What is needed is an exact copy of the listing, with no pictures in it.

+++ Data

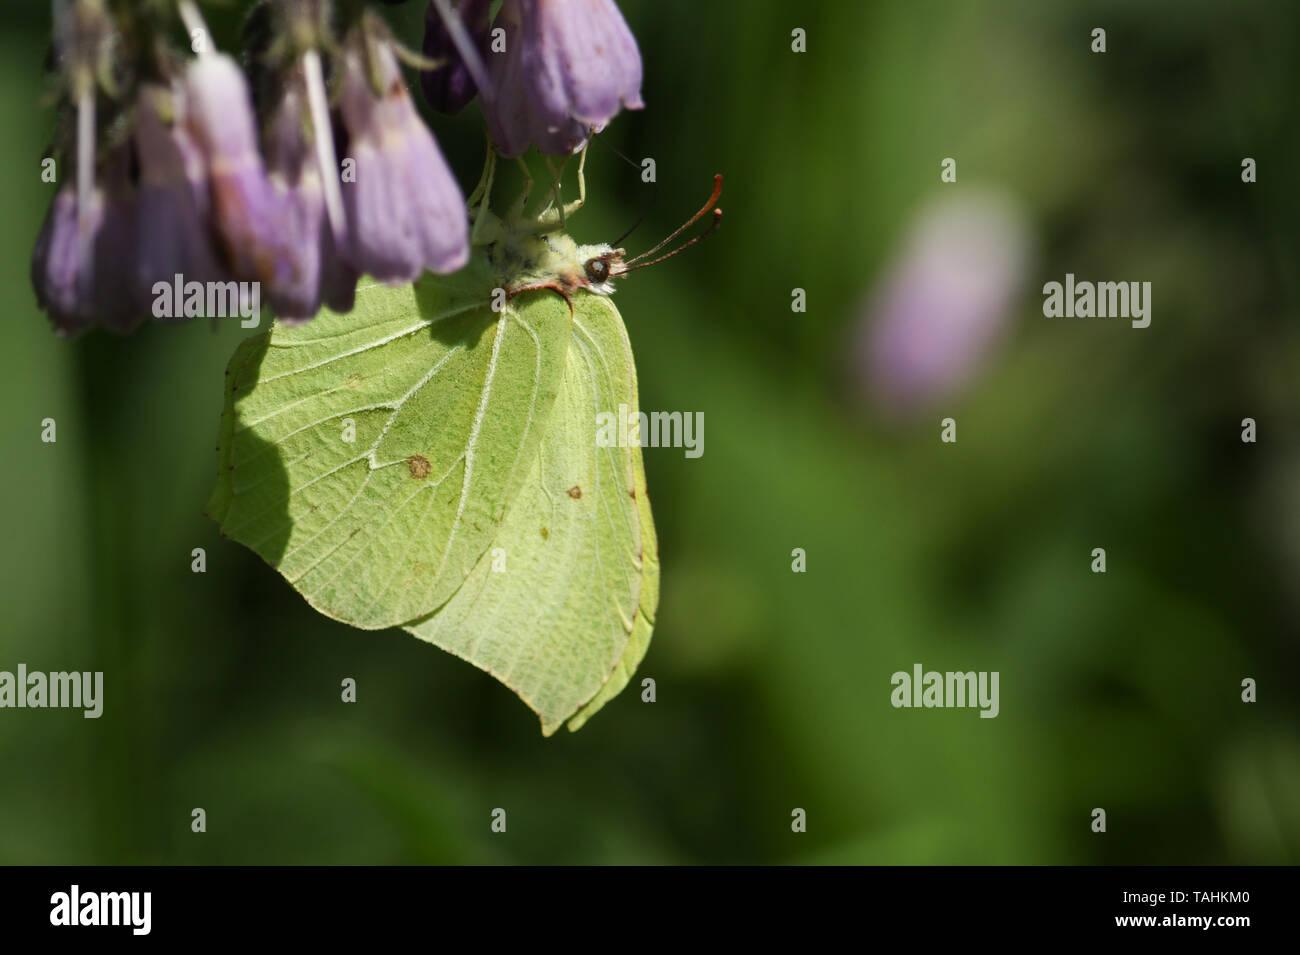 A pretty Brimstone Butterfly, Gonepteryx rhamni, nectaring on a Comfrey flower. Stock Photo
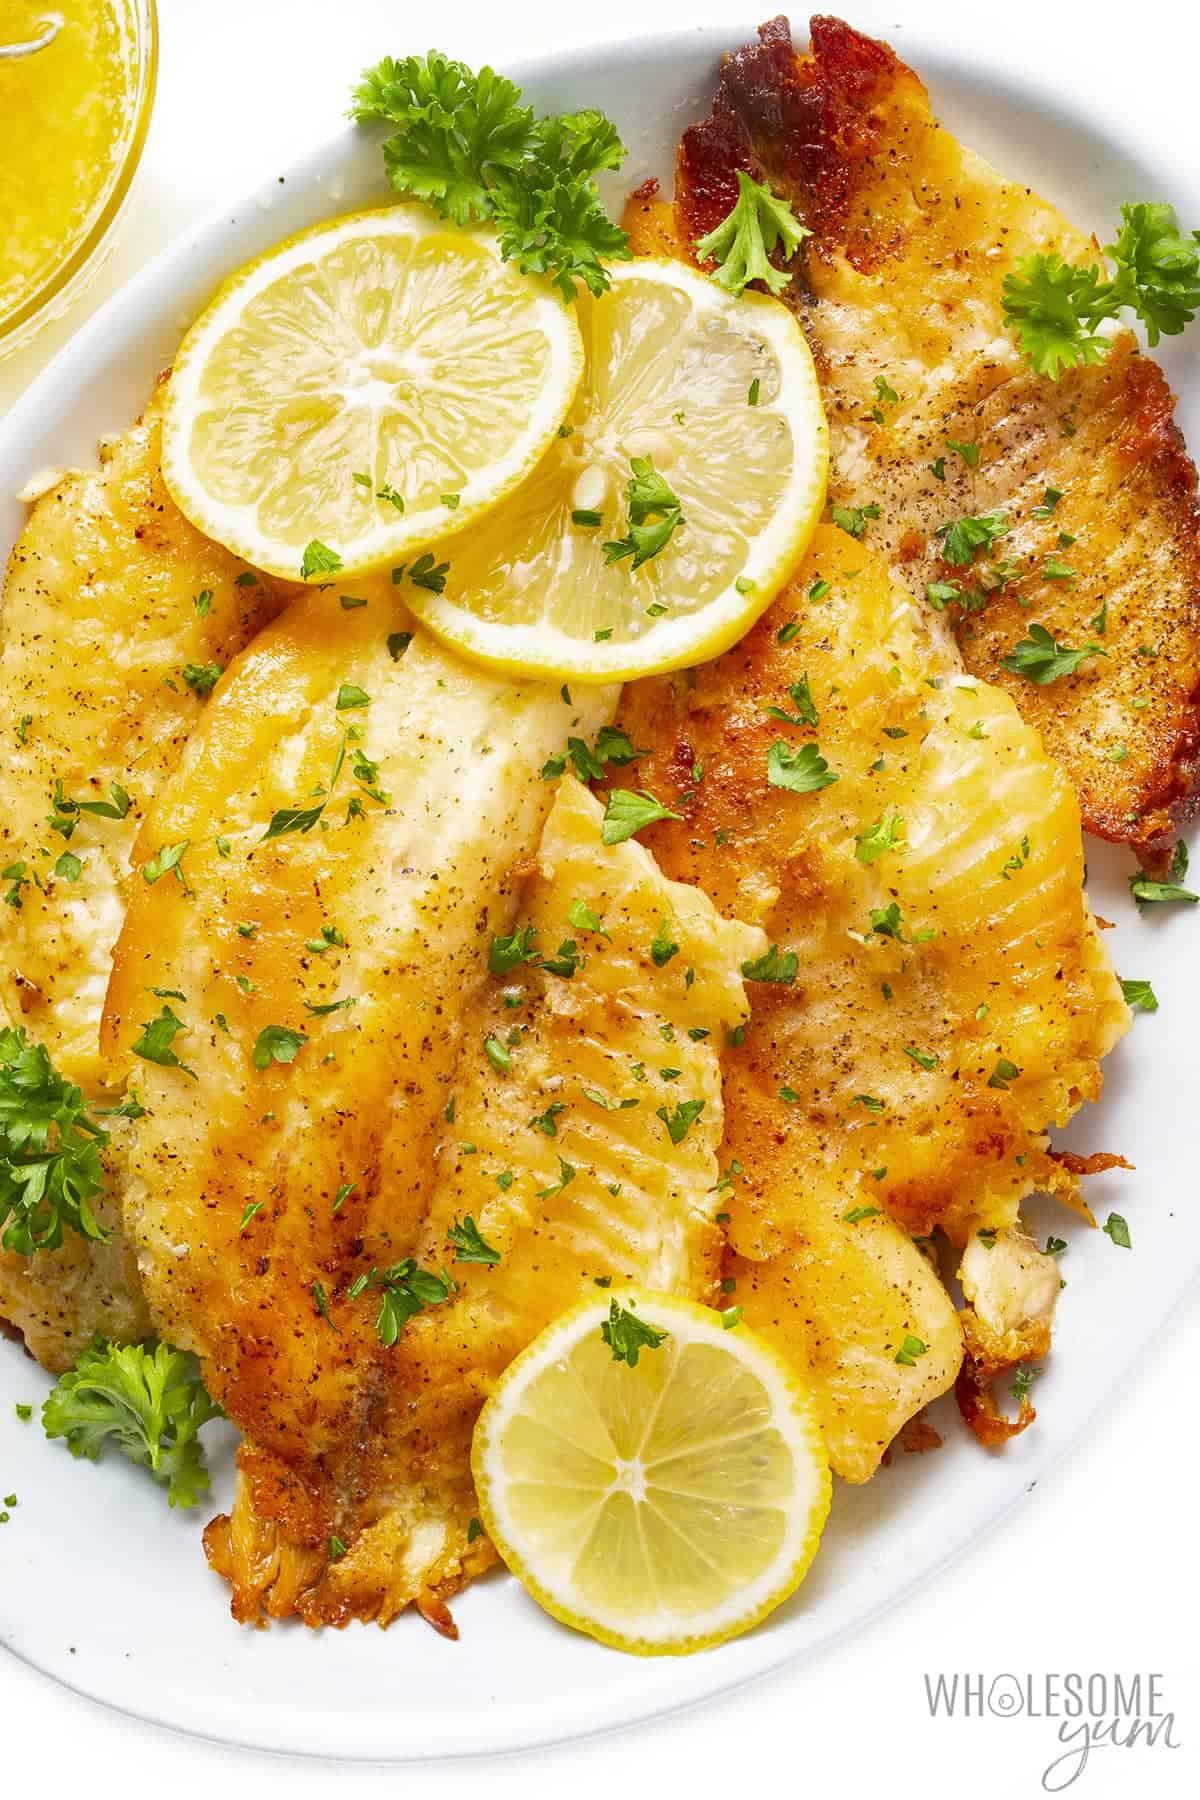 Pan fried tilapia fillets on a platter with lemon slices
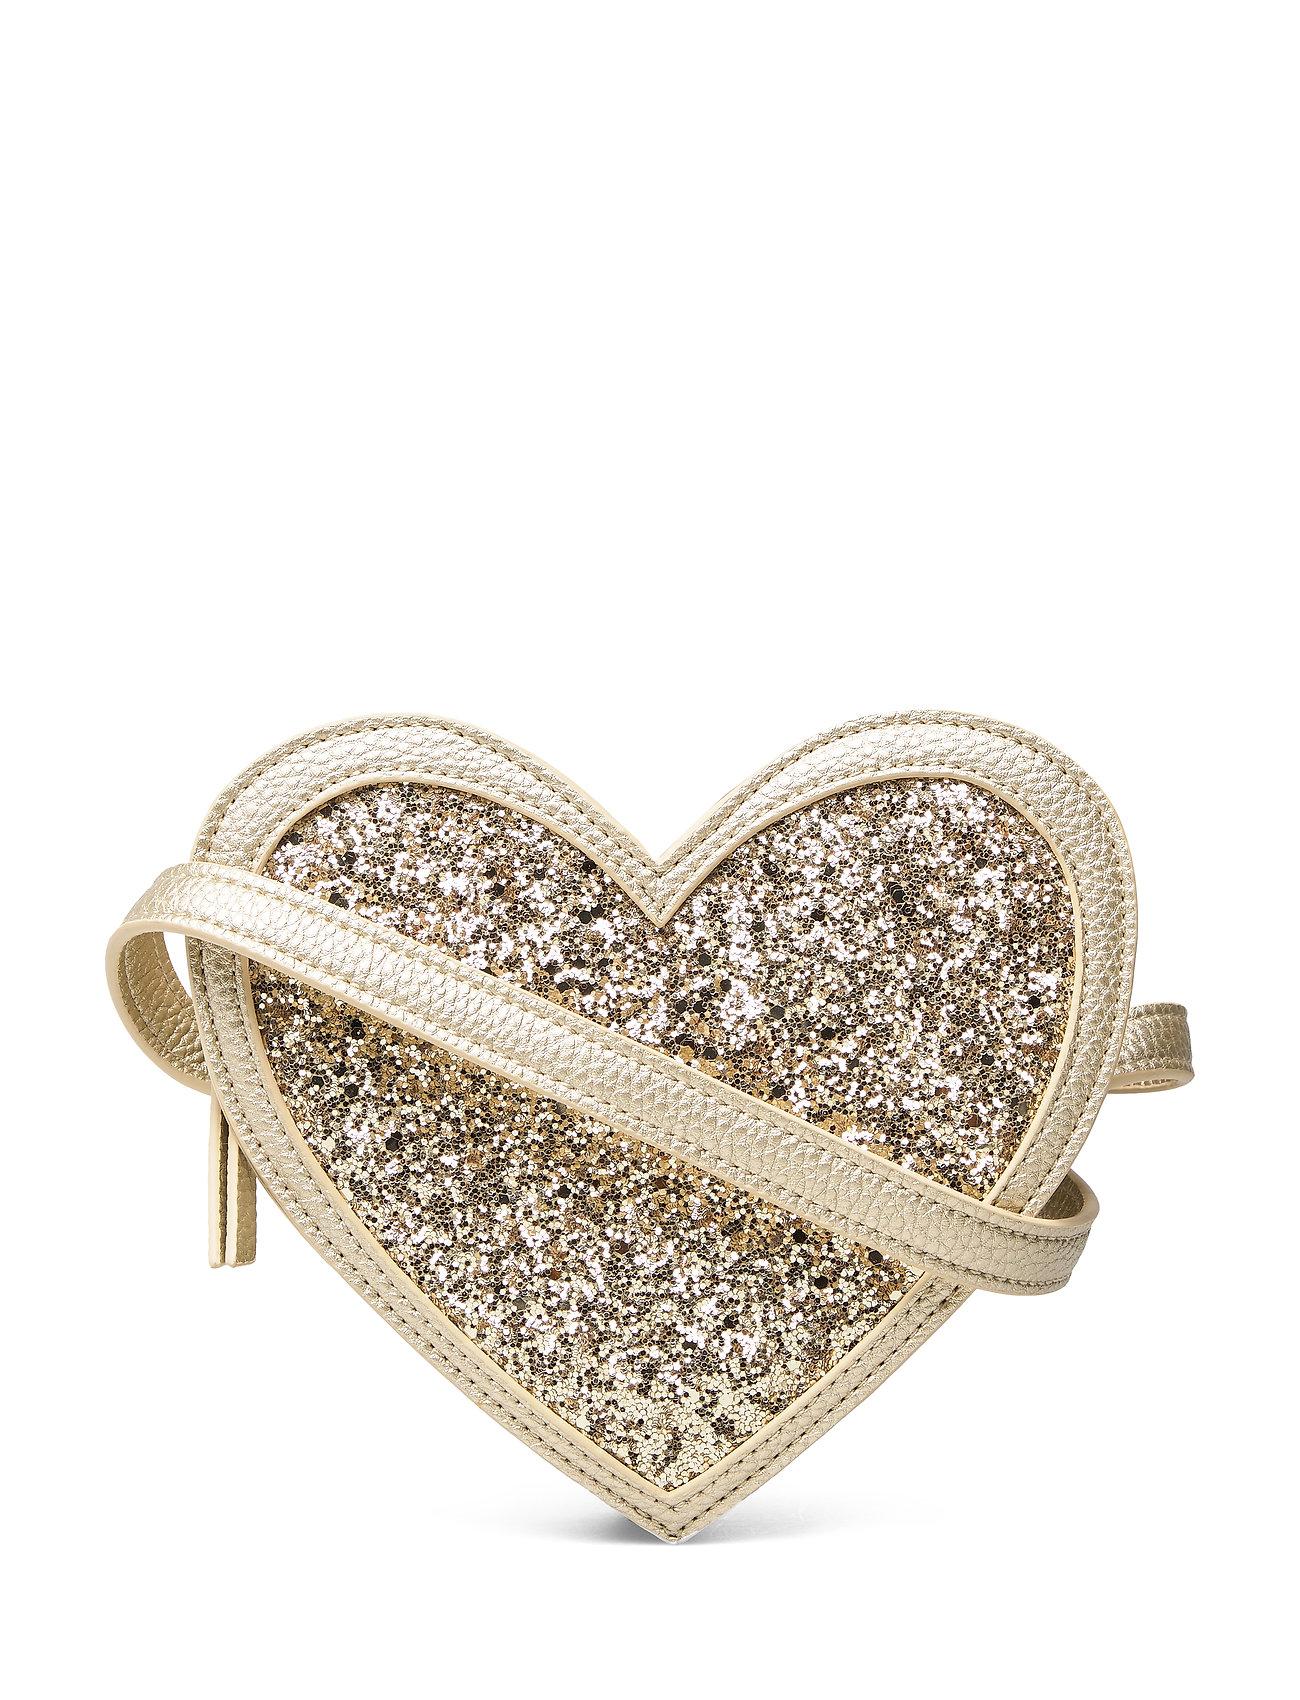 Molo Heart Bag - GOLD GLITTER

++++++

* [Answer space]:
 A pretty Brimstone Butterfly, Gonepteryx rhamni, nectaring on a Comfrey flower. Stock Photo
 Pan fried tilapia fillets on a platter with lemon slices
 Molo Heart Bag - GOLD GLITTER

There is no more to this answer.